Jackson agrees West Texas has a “gravitational pull,” one that has led to a boom in the real estate market and lack of affordable housing for locals — a longstanding, complex issue not entirely unique to Marfa that he said he wants to help solve. As a potential buyer, he said he found Marfa’s housing prices “absurd,” and “offensive,” often comparable to prices in larger cities with more resources. 

He said he is striving to create a real estate company that “doesn’t suck,” and is “outwardly mission based,” having been involved with property developers in the past in his role as a lawyer. Jackson’s land holdings are not in Marfa as his company’s name would suggest, but are in Valentine — off of FM 2017, bordered by 96 Ranch — and near Van Horn totaling nearly 100 acres, he said. 

On Instagram, @OJRMarfa states that a portion of its profits will be donated to “nonprofit initiatives rooted in justice, inclusion and access” like “legal aid for immigrants, LGBTQ+ Texans and working creatives.” When asked how Jackson will ensure transparency about the donations, he said the company will open itself up to be audited and produce an annual public report stating what percentage of nightly stays go to which organizations. 

Up until recently, when he met Lamont, Jackson intended to pursue the addition of campsites and short-term rentals on his Valentine ranch in order to raise capital for an affordable housing initiative, he said. But after being introduced to Lamont and the Antelope Hills home project, which Jackson referred to as “profound,” he is going all in on partnering with Lamont to establish “affordable houses for people in West Texas within the year” — under $200,000.

“It was an obvious decision to partner with him, because he can not only build anything you can dream, literally anything, any structure, any shape, he can do it, but he can do it faster than anyone that’s around,” Jackson said. 

Next up is to pursue a construction loan and determine how many structures they are going to build, he said.

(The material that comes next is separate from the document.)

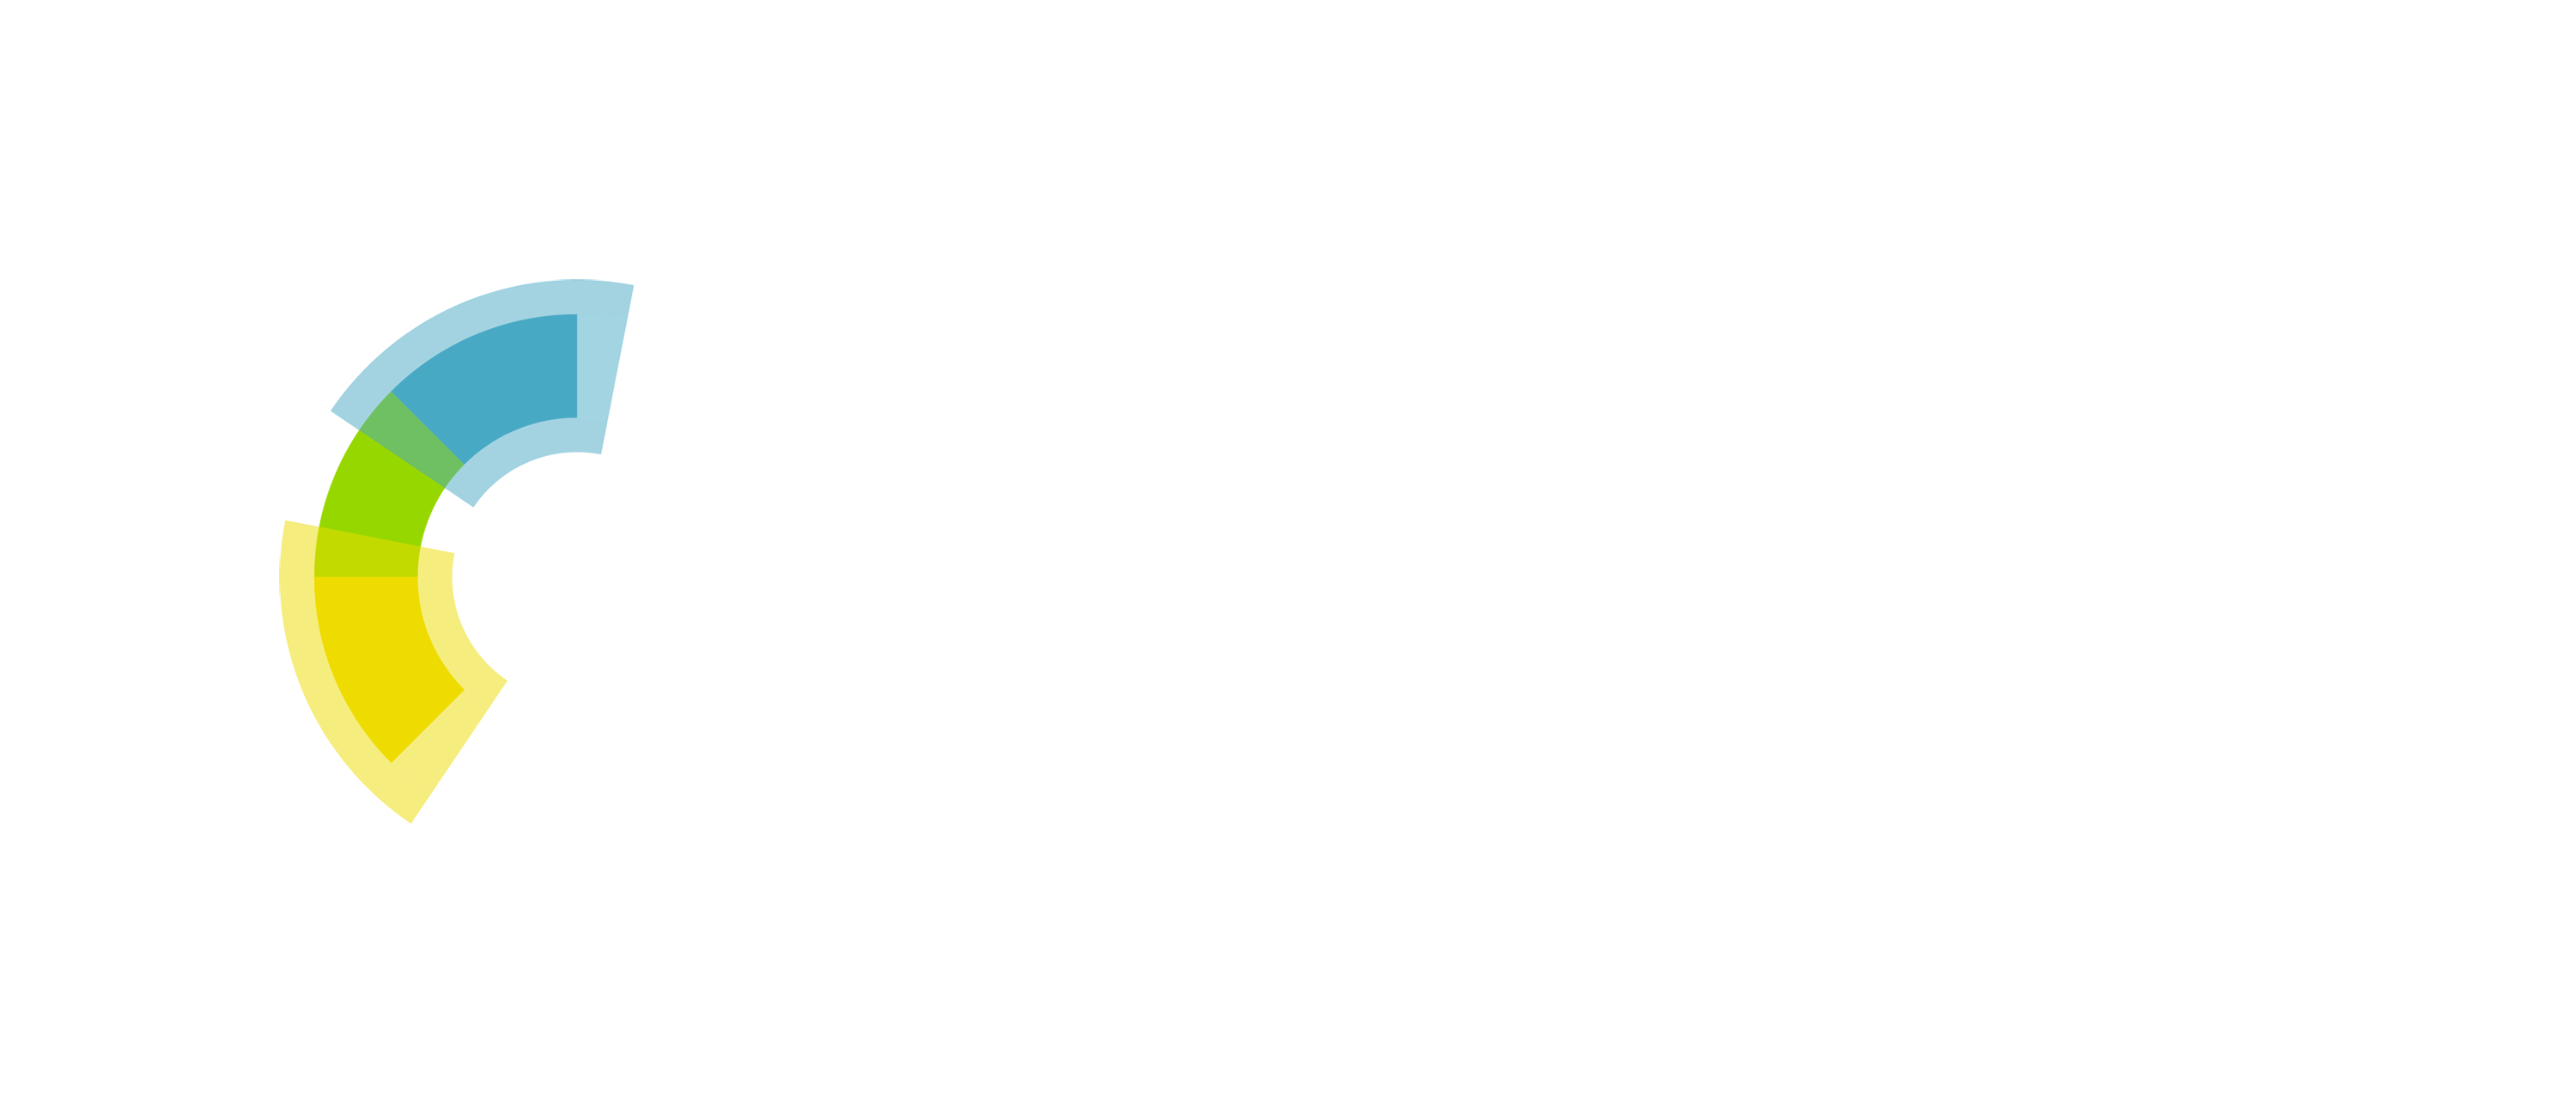 Royal Society Of Chemistry

Eventually, the duo is hoping that construction companies will adopt Lamont’s techniques. “We don’t want to be home builders,” Jackson said. “What we wanted to do is connect people who build homes — construction companies — with the proprietary technology that Shaun has developed.” 

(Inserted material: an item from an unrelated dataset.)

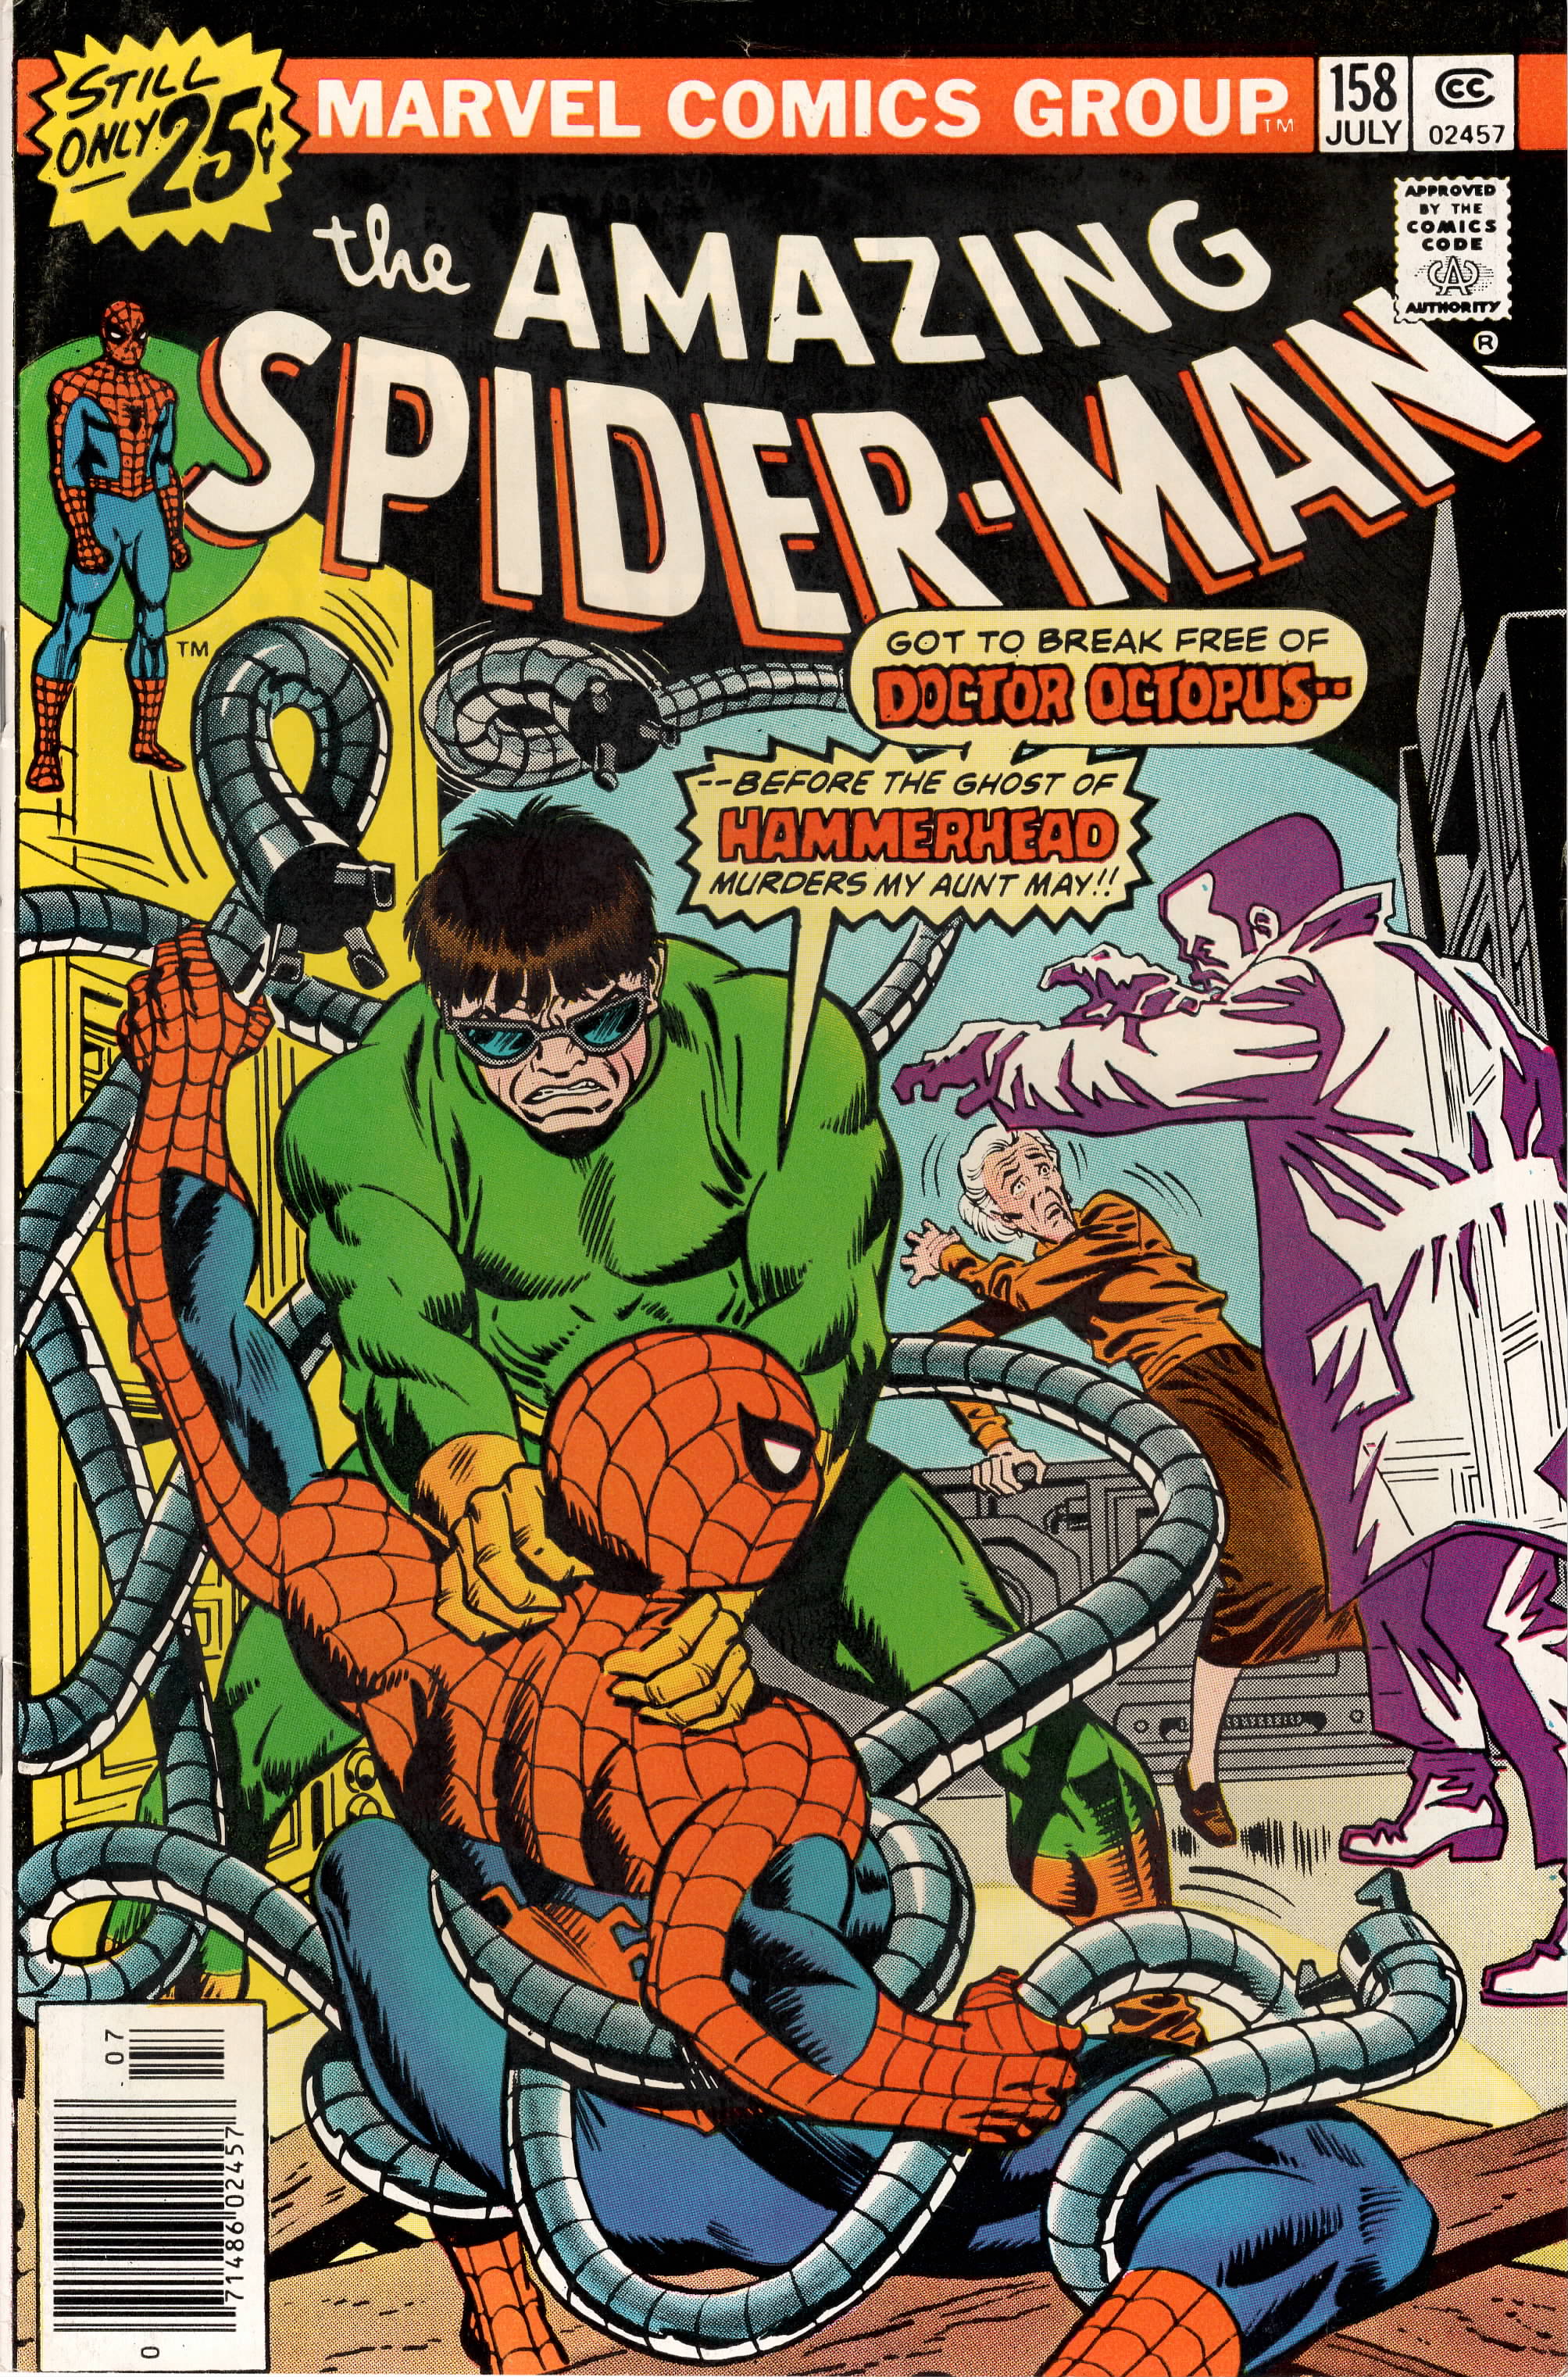 Amazing Spider-Man #158

Jackson recognized that there’s “a lot of infrastructure that needs to catch up.” Valentine lacks a gas station, for example, but he still thinks people will be drawn to buy new homes in the remote outpost. “I think Valentine’s the type of place where if people can afford to buy a home for $200,000, $250,000 — considerably less than anything that’s available around Marfa and Presidio County — I think that people will come.”